A competência fixada pelo foro por prerrogativa de função afasta a regra do foro pelo lugar da infração. Estende-se, a qualquer região do território nacional, ainda que a infração tenha sido praticada em outro Estado, a competência do Tribunal de Justiça do Estado sobre o seu jurisdicionado.

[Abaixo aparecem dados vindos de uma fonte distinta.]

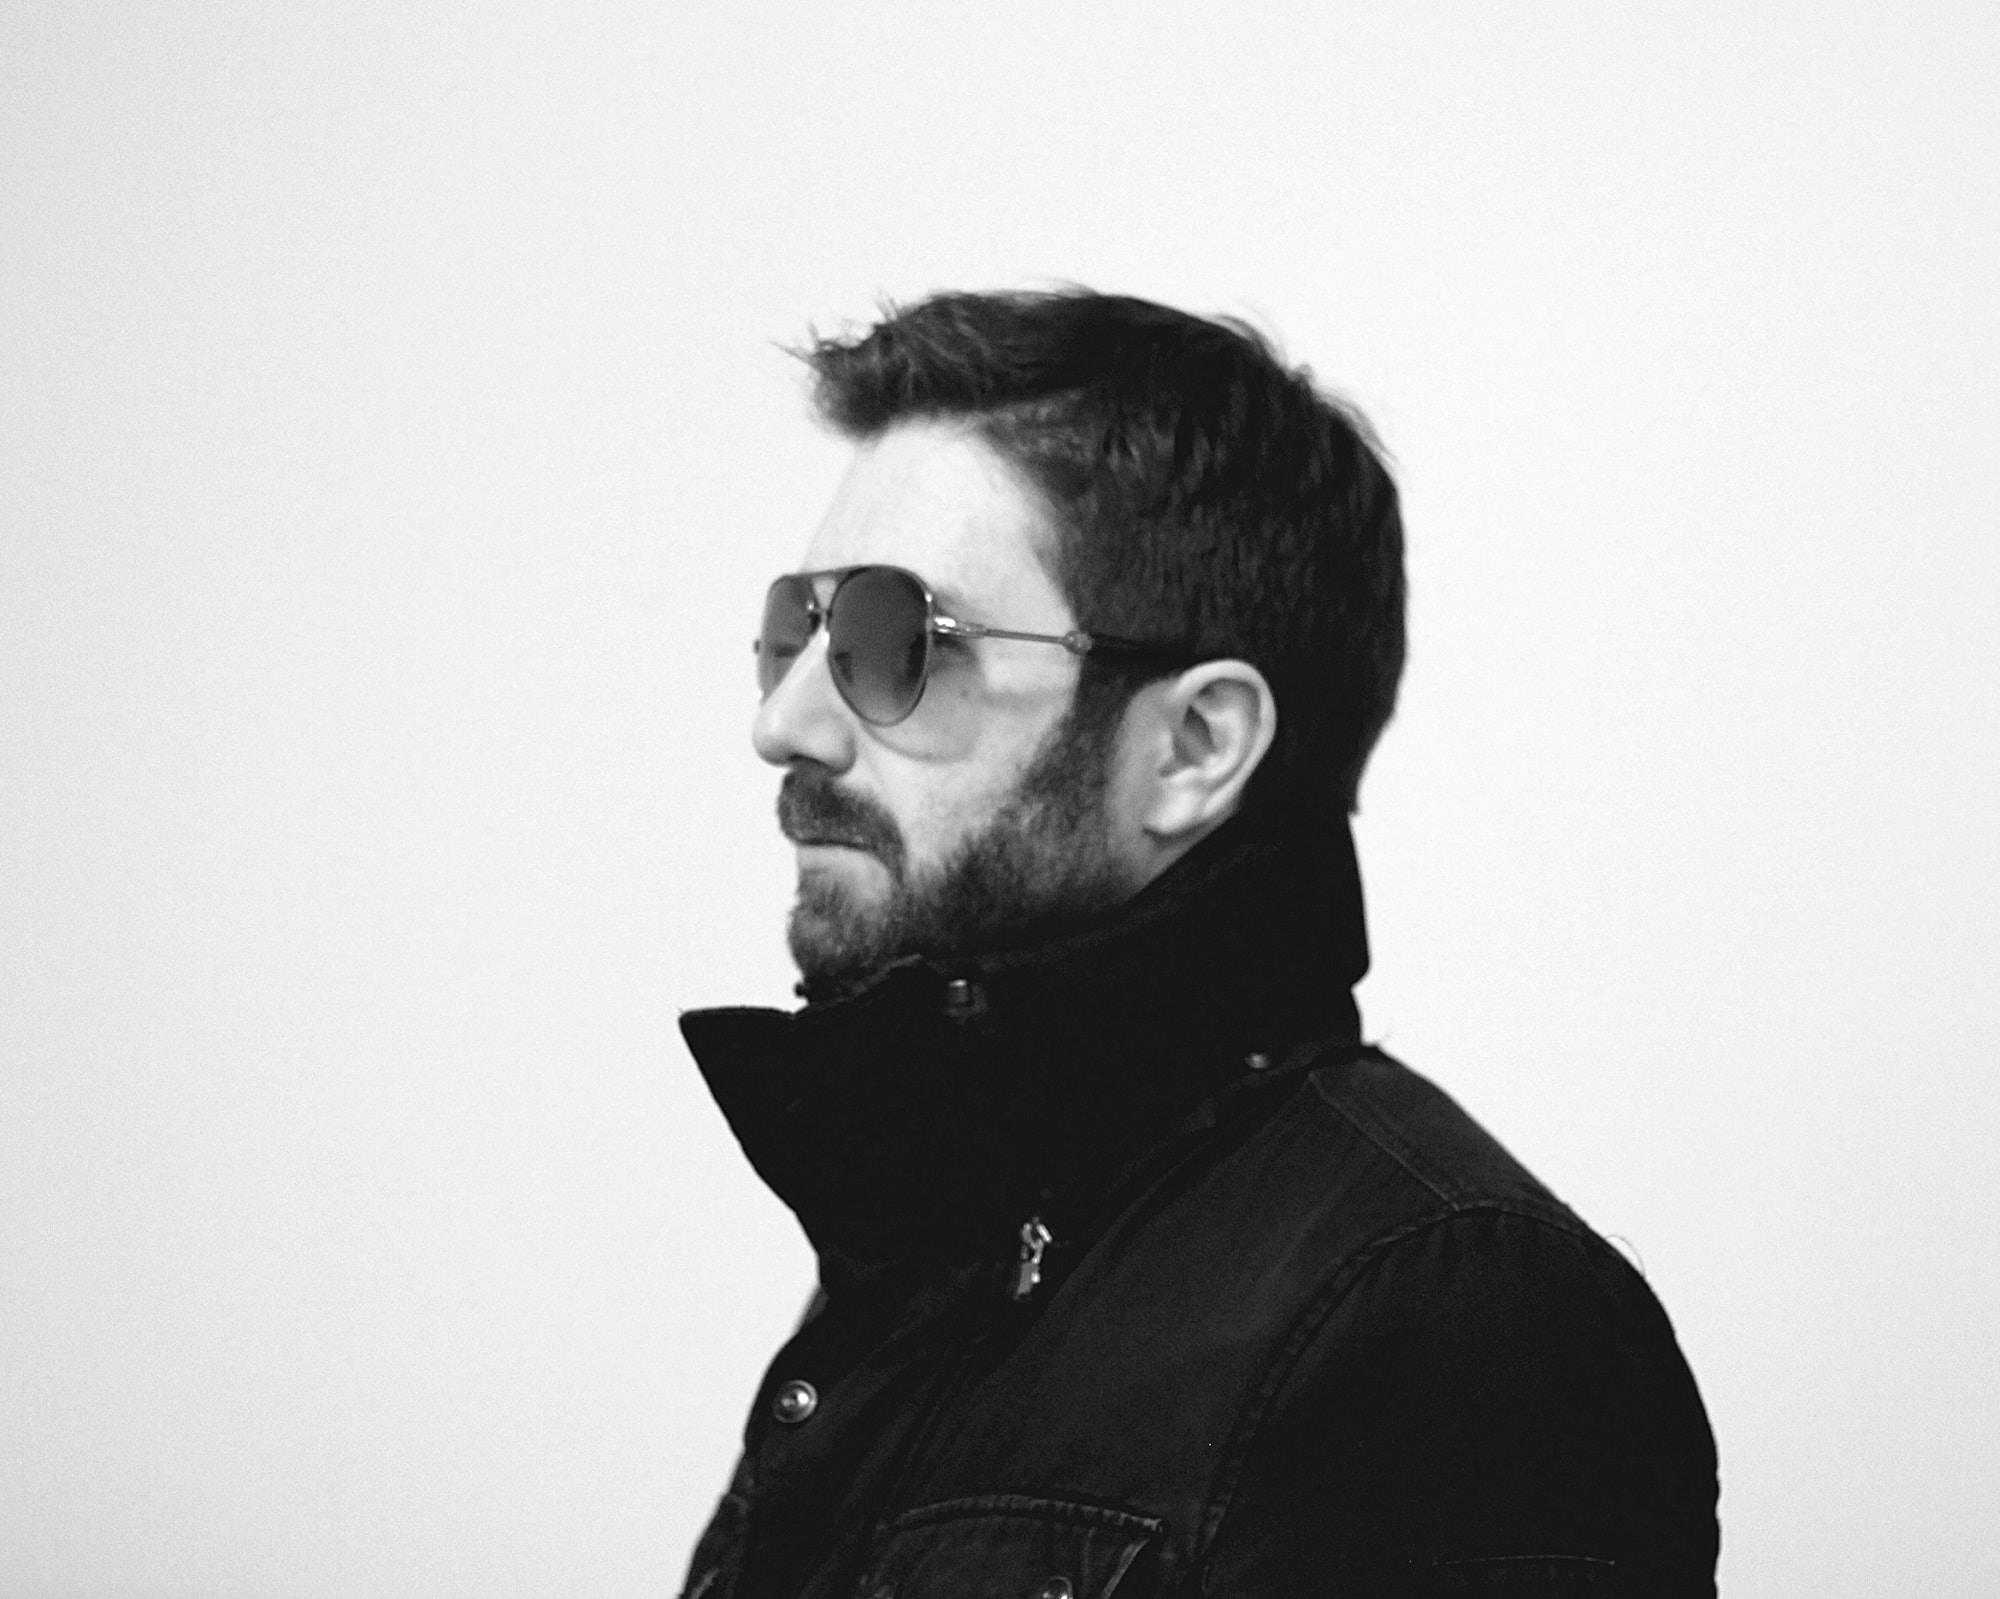 Go to Alexander Nachaj's profile

Importantíssimo trazermos à baila os casos de crimes dolosos contra a vida, que sejam praticados por quem goze de foro por prerrogativa de função estabelecido pela Constituição Federal. Nesse caso, a competência para processá-lo e julgá-lo será do foro especial, já que a própria Constituição estabelece exceção à regra do Tribunal do Júri. Contudo, se o foro especial for estabelecido pela Constituição estadual, por lei processual ou de organização judiciária, o autor do crime doloso contra a vida será submetido ao Tribunal do Júri, já que tais regras não poderão sobrepujar a competência do juízo estabelecido pela Carta Magna. Nesses termos é a Súmula 721 do STF: “A competência constitucional do Tribunal do Júri prevalece sobre o foro por prerrogativa de função estabelecido exclusivamente pela Constituição estadual”.
Conclusão
O objetivo desse estudo foi o de trazer esclarecimentos, de forma clara e objetiva, sobre as matérias abordadas.

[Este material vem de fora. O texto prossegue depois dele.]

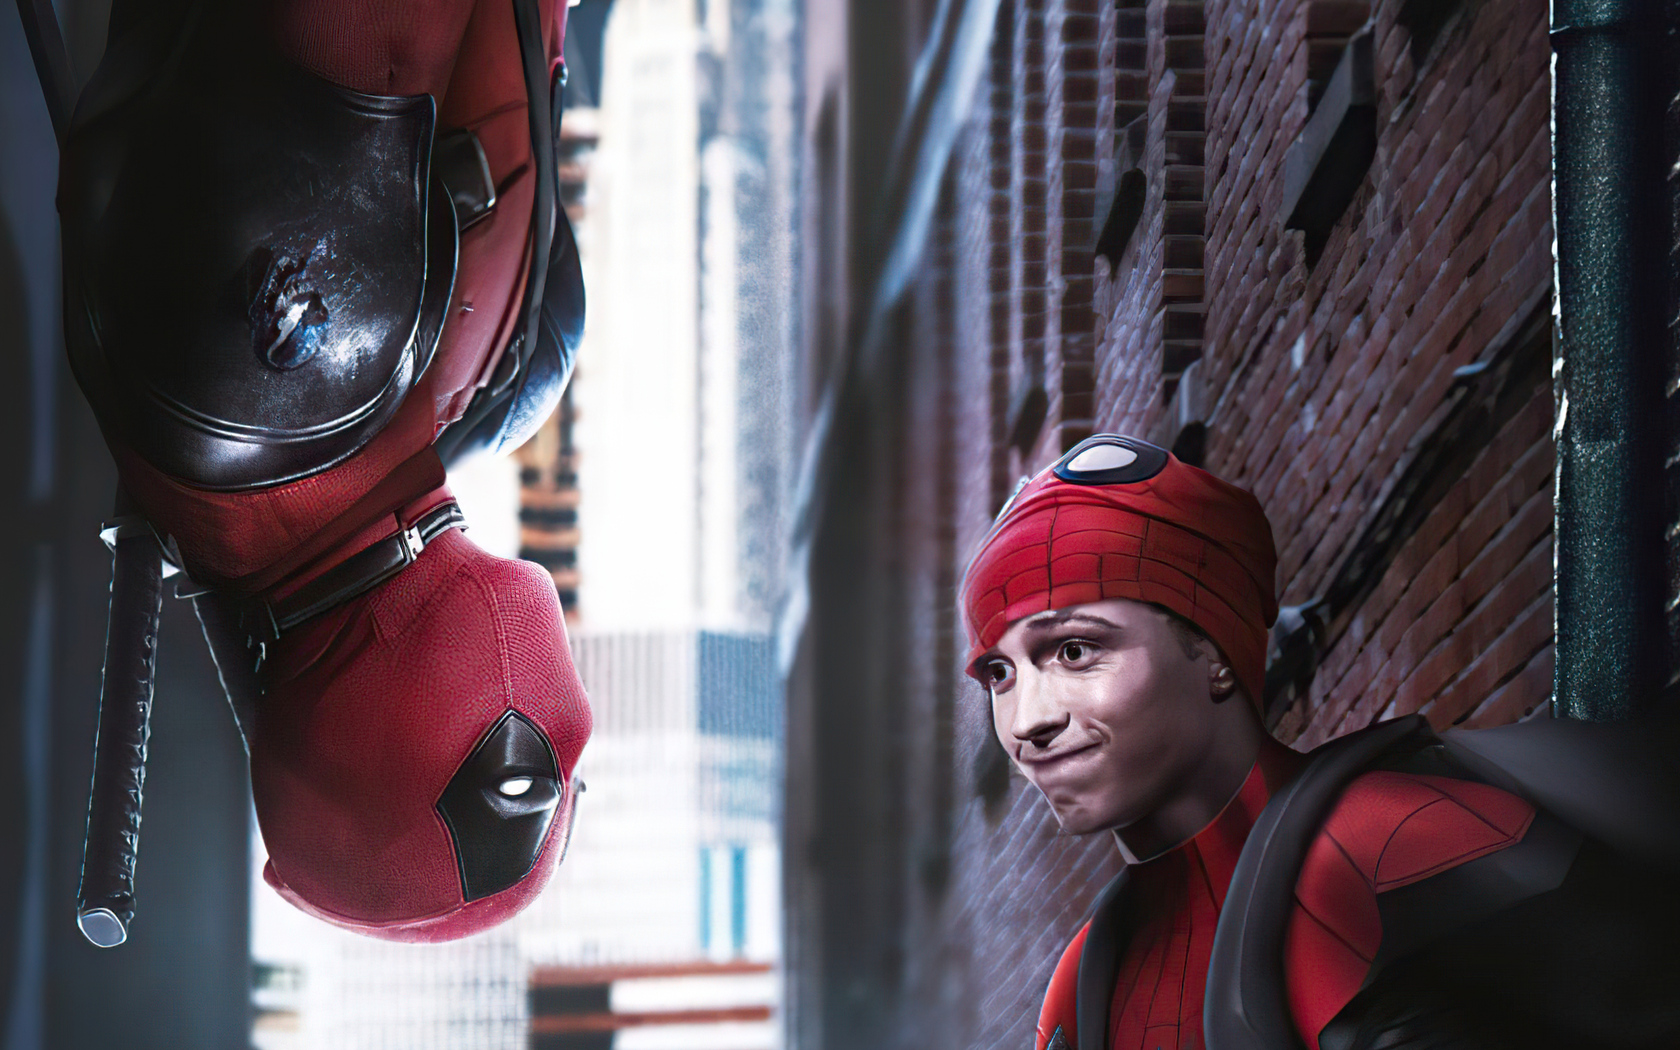 deadpool-and-spiderman-4k-xz.jpg

Com base na leitura proposta e, considerando tudo o que por ela fora abordado, fica de fácil percepção as diferenças entre esses dois institutos (jurisdição e competência). Institutos que, apesar de distintos, equivocadamente, ainda são tratados como sinônimos.
Referências
ALMEIDA, Roberto Moreira de. Teoria geral do processo: Civil, Penal e Trabalhista. 2. ed. São Paulo: Método 2010.
MIRABETE, Júlio Fabbrini. Processo Penal. São Paulo: Atlas, 2008.
TOURINHO FILHO, Fernando da Costa. Processo Penal. v. 2. São Paulo: Saraiva, 2008.